Airport serving Brunswick, Georgia, United States

Brunswick Golden Isles Airport , previously known as Glynco Jetport, is a county-owned public-use airport located five nautical miles (9 km) north of the central business district of Brunswick, a city in Glynn County, Georgia, United States. It is mostly used for general aviation, but is also served by one commercial airline.

==History==
Before 1975 the airport was Naval Air Station Glynco . In August 1942 the U.S. Navy began building the air station on 2400 acre in the northern part of the county. Named NAS Glynco as an abbreviation of Glynn County, it was a base for lighter-than-air airships, known as blimps.
In 1973 Delta Air Lines McDonnell Douglas DC-9-30s flew direct from Glynco to Atlanta and Orlando and nonstop to Augusta, Jacksonville and Macon (the Augusta and Macon flights continued to Atlanta). In the Delta March 1, 1973 timetable, a DC-9-30 was scheduled Chicago O'Hare Airport - Cincinnati - Atlanta - Savannah - Brunswick - Jacksonville - Orlando. By June, 1974 Delta was no longer flying jets from the airport. Atlantic Southeast Airlines (ASA) began serving the airport in 1981 with nonstop flights to Atlanta. In 1984 ASA began code sharing with Delta, operating as the Delta Connection and marking a return of Delta service to Brunswick. ASA flew Embraer EMB 110 Bandeirantes, Short 360s, and Embraer EMB 120 Brasilias nonstop from Atlanta. In 2002 the carrier introduced regional jet service to the airport with the Bombardier CRJ100/200. ASA's service was later replaced by Endeavor Air which continues to provide service as Delta Connection into 2022 using CRJ-200 regional jets. Meanwhile, ASA had been purchased by SkyWest Airlines and today both SkyWest and Endeavor operate Delta Connection service to Atlanta. Flights were upgraded to larger CRJ-700 and CRJ-900 regional jets in 2023.

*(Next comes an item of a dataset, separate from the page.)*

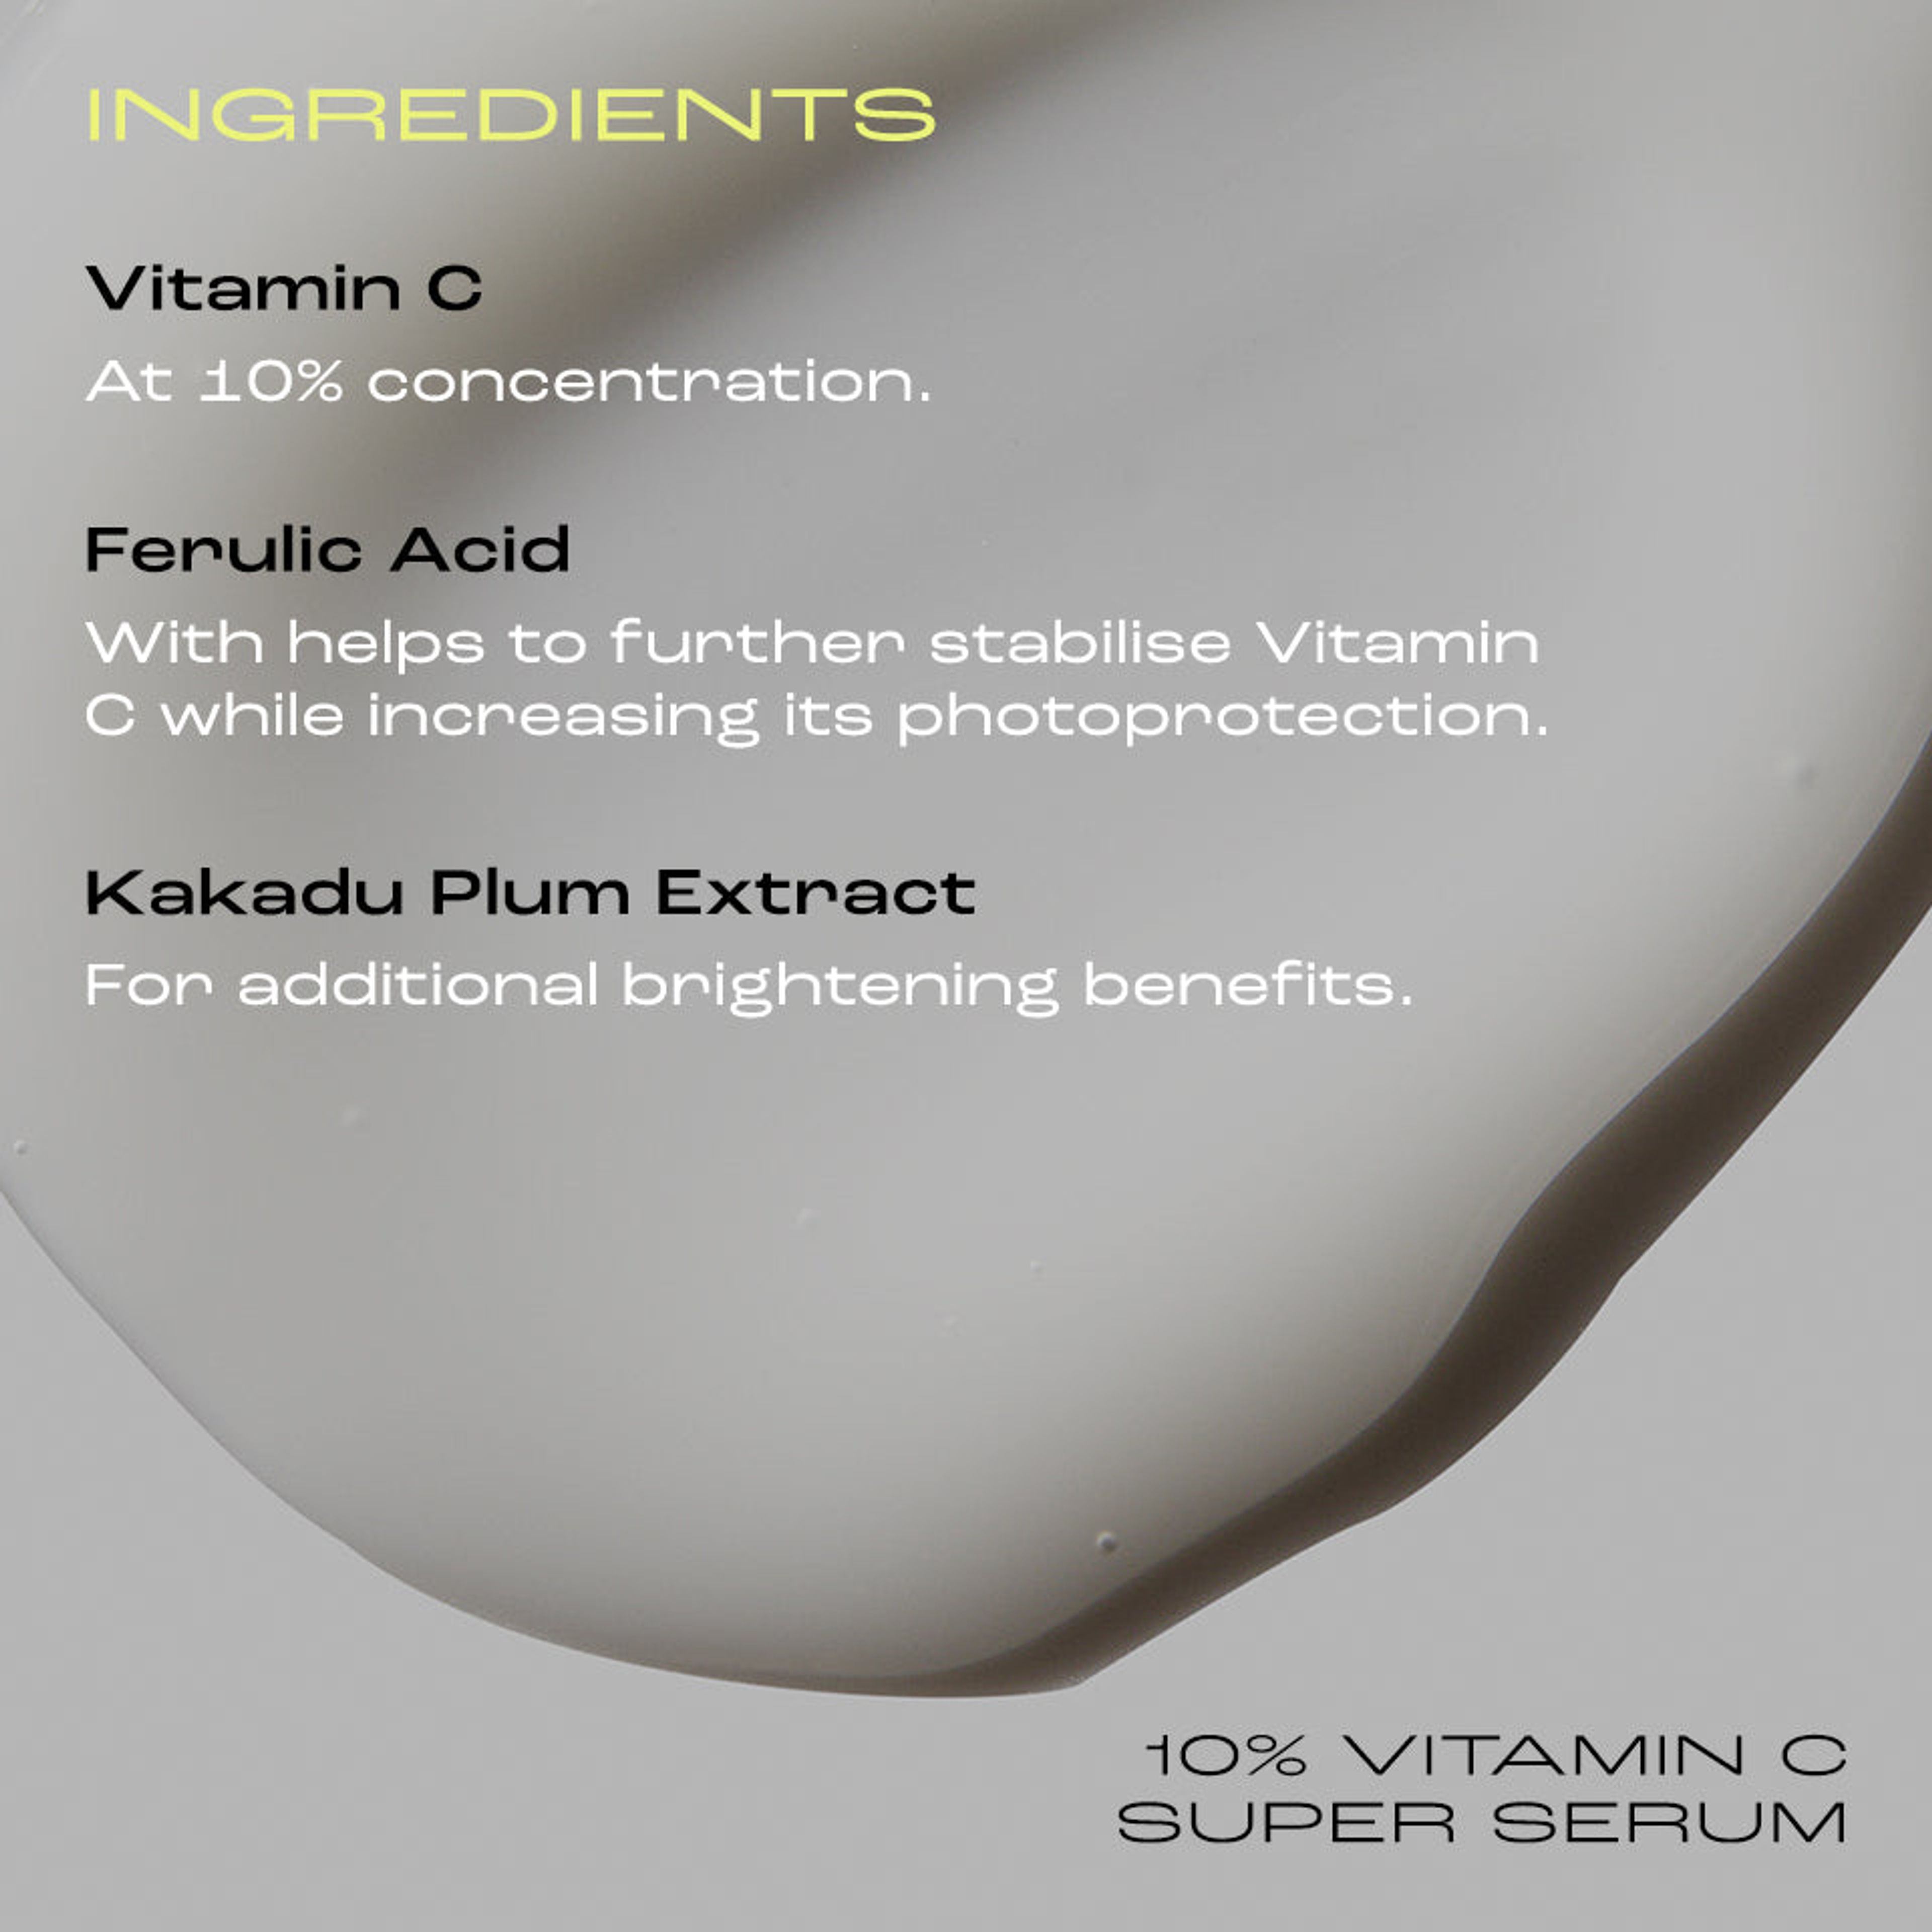 10% Vitamin C Super Serum

Earlier, Delta served Brunswick via the McKinnon St. Simons Island Airport from the mid 1940s through the 1960s using Douglas DC-3 and Convair 440 prop aircraft. Air South, then served Brunswick through the St. Simons Island Airport through the 1970's until ending service by 1981.

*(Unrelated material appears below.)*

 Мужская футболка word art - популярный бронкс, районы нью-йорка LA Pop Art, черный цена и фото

As TRAWING 8 was decommissioned and VT-86 transferred to Training Air Wing SIX at Naval Air Station Pensacola, Florida, the Glynn County community hastily took control of its destiny when a group of 19 community leaders formed the Glynco Steering Committee to attract new users to the facility. Their hard work paid off in 1975 when the Federal Law Enforcement Training Centers (FLETC) selected the former Glynco site for a consolidated training academy for federal law enforcement personnel. FLETC constructed their facility on the former blimp facility, while the community retained the airfield proper and its runway, which was designated the official county municipal airport in 1975. Both developments proved to be invaluable to the future of Brunswick and the Golden Isles. Contributions to the local economy and population of Glynn County by the FLETC have exceeded even the Navy's considerable impact, and the 8001 ft jet runway has been an important community asset.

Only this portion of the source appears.